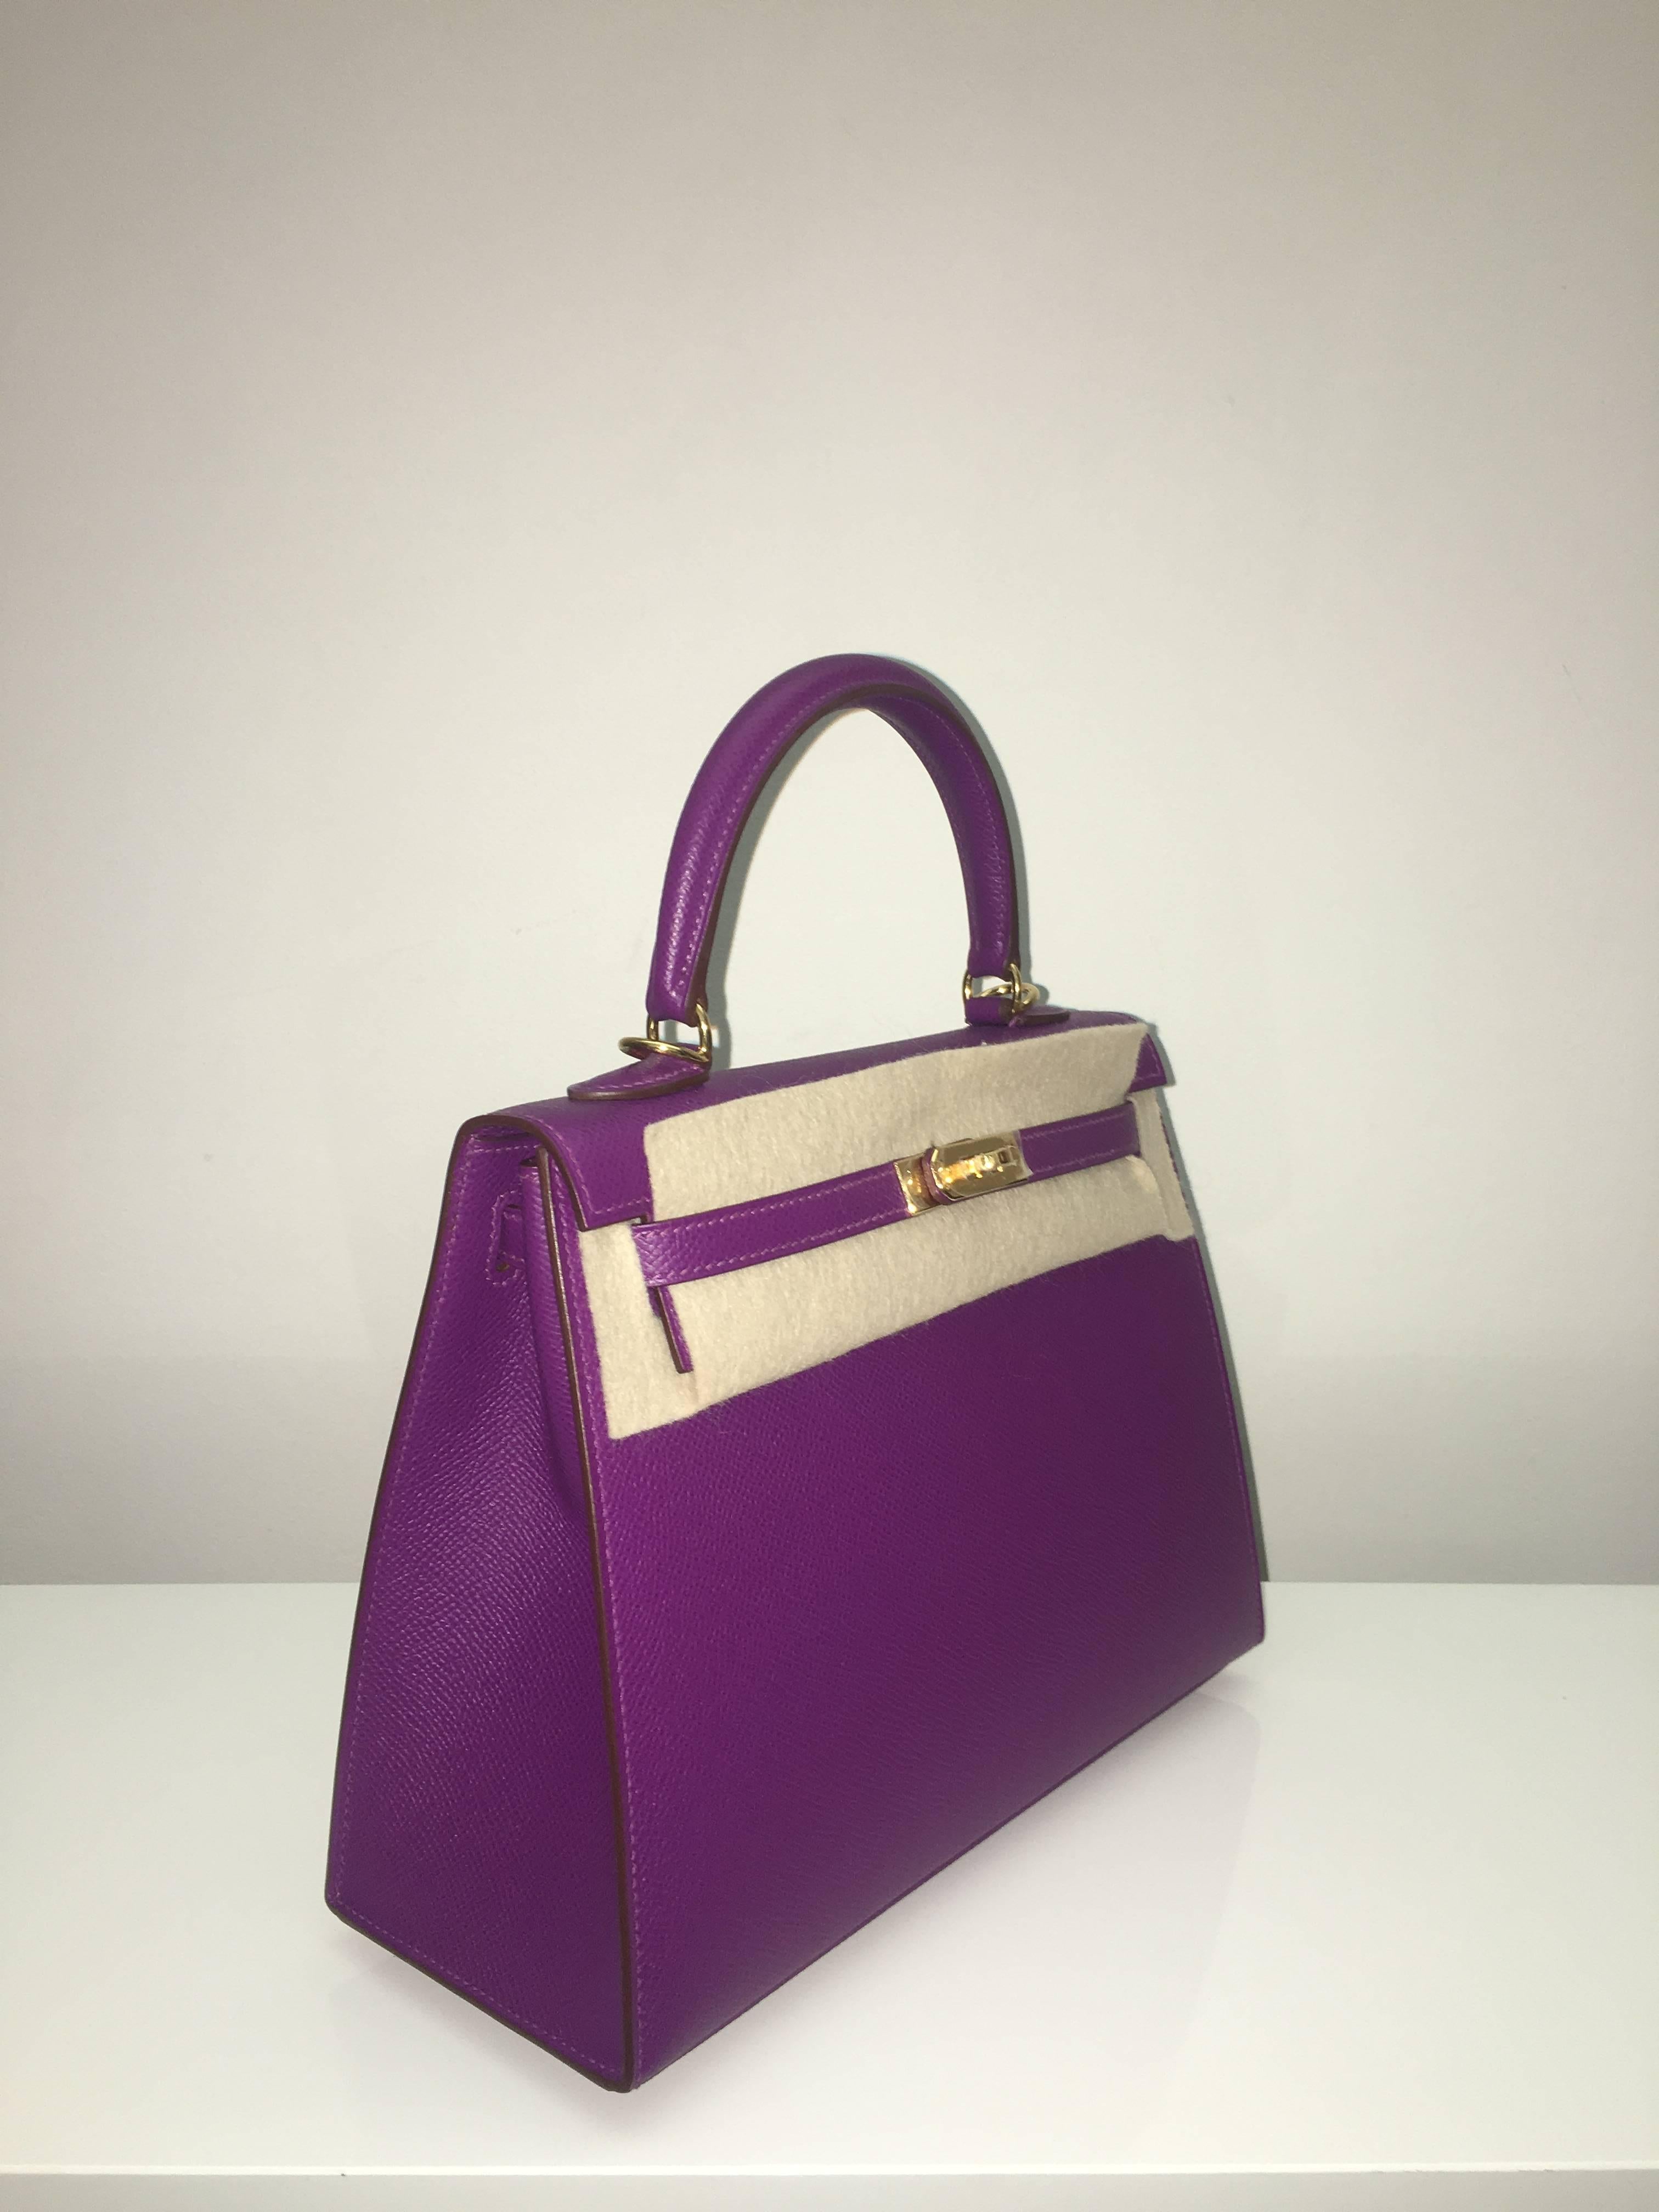 Hermes 
Kelly Size 25
Epsom Leather 
Colour Anemone
Gold Hardware 
store fresh, comes with receipt and full set (dust bag, box...) 
Hydeparkfashion specializes in sourcing and delivering authentic luxury handbags, mainly Hermes, to client
....
#### [Activity]
Write the listing above out again exactly, but not the images it holds.

#### [Exercise result]
 Hermes 
Kelly Size 25
Epsom Leather 
Colour Anemone
Gold Hardware 
store fresh, comes with receipt and full set (dust bag, box...) 
Hydeparkfashion specializes in sourcing and delivering authentic luxury handbags, mainly Hermes, to client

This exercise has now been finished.